Dependencies, especially network topology dependencies, are the best way to handle that, but they're not foolproof.

As far as #2, pre-canned templates will never have the correct dependencies built-in, so what you could do is

1. full clone the Template Module ICMP Ping template, and give it a local name. Don't modify the pre-built templates, always clone & modify your locally-tailored templates instead.
2. add your network gateway trigger as a dependency for any triggers in your cloned template. Making the dependency part of the template makes it easy to have that included for all hosts on the other side of that link/segment.
3. unlink the old template from a few hosts and link the new template, preferably in the same update. Test and expand to more hosts when the tests look good.

Timing for when the dependency is checked vs. when the host checks are run can still cause alerts, before Zabbix detects that the VPN is down. It helps to have your topology dependencies checked on a more frequent basis than the leaf nodes.

If setting up dependencies doesn't do enough for you, there are other options, such as https://www.zabbix.com/forum/zabbix-...ing-python-api

I'll echo that question, but also offer one fix I've implemented before but is tedious.

You can make some triggers depend on others. For example if I have triggers that may fire from lack of data or timeouts, I will often make them dependent on a trigger that checks pings to see if a host is up. If the host is down, there's no point in telling me (for example) that SSH to the host is down, and that HTTP to the host is down, etc. These can mostly be automated.

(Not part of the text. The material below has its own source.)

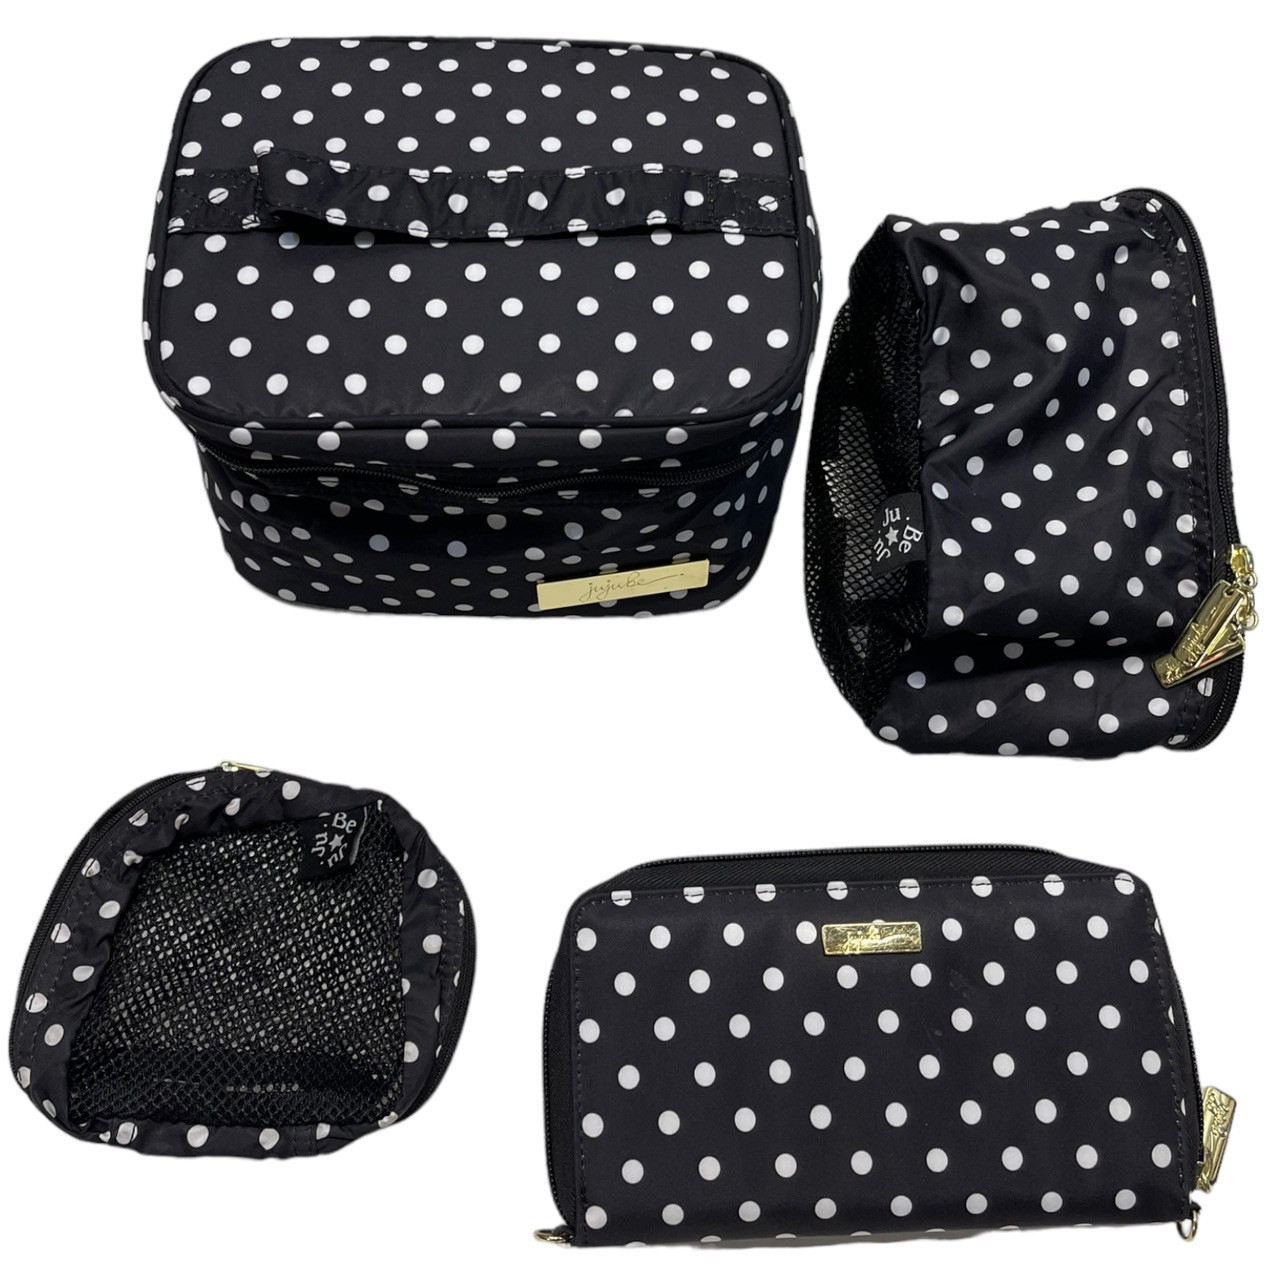 JuJuBe Black Polka Dot The Duchess Diaper Bag Accessories: Wallet , Fuel  Cell and 2 Organizer Pouches| Like New Used - One Size

What's more difficult and I have done but is the tedious one- let's say you have a site with 50 hosts, and one edge device connecting it to your primary site. If that edge device is unreachable (network down, device down, whatever) then every device behind it will alert as unreachable as well. I once set up a SQL statement where I could label these edge devices, and then within a site (defined as a host group "location") I blew in dependencies on each ping trigger at the site against the edge device ping trigger. If it was down, they won't alert (I also increased the speed of pings on the edge device so it always alerted first). This does work, but I never found a way to maintain it practically other than sql modifications to the database, which I stopped doing some years ago due to all the changes.

But I think someone good at API calls could probably build something that would remove and add such dependencies based on some kind of host marking (macro, host group, etc.)

Maybe something is built in now, I have not searched in some years -- so anxiously awaiting that someone has a good answer for you. Mine is not a good answer. Ah... Tim types faster than i do.

There were some issues with cross template dependencies when I tried this ages ago. I may need to try again, maybe it's easier now. And I do know there's now a LOT more parameterization available in places that wasn't back then (e.g. macro expansion).

That does not sound horrible to do, certainly better than modifying every hosts config.

I already have trigger action step delays and notifications start going out on step 2. I THINK that might take care of the timing concern you bring up?

I'll start reading up on how to do this.

The issue is that the sentinel device (the one you want to alarm first, and by doing so block other alarms) has to alarm more quickly.

For example, we use pings for up/down, and need to get three consecutive failed pings before a node triggers an alarm.

What we did is have two different ping frequency, one 30s interval for the sentinel device, and 60s interval for all the others. So for a link-to-sentinel-device down it will alert in about 90s, the rest won't try until 180s.

Your timing can vary, but that gives you the idea.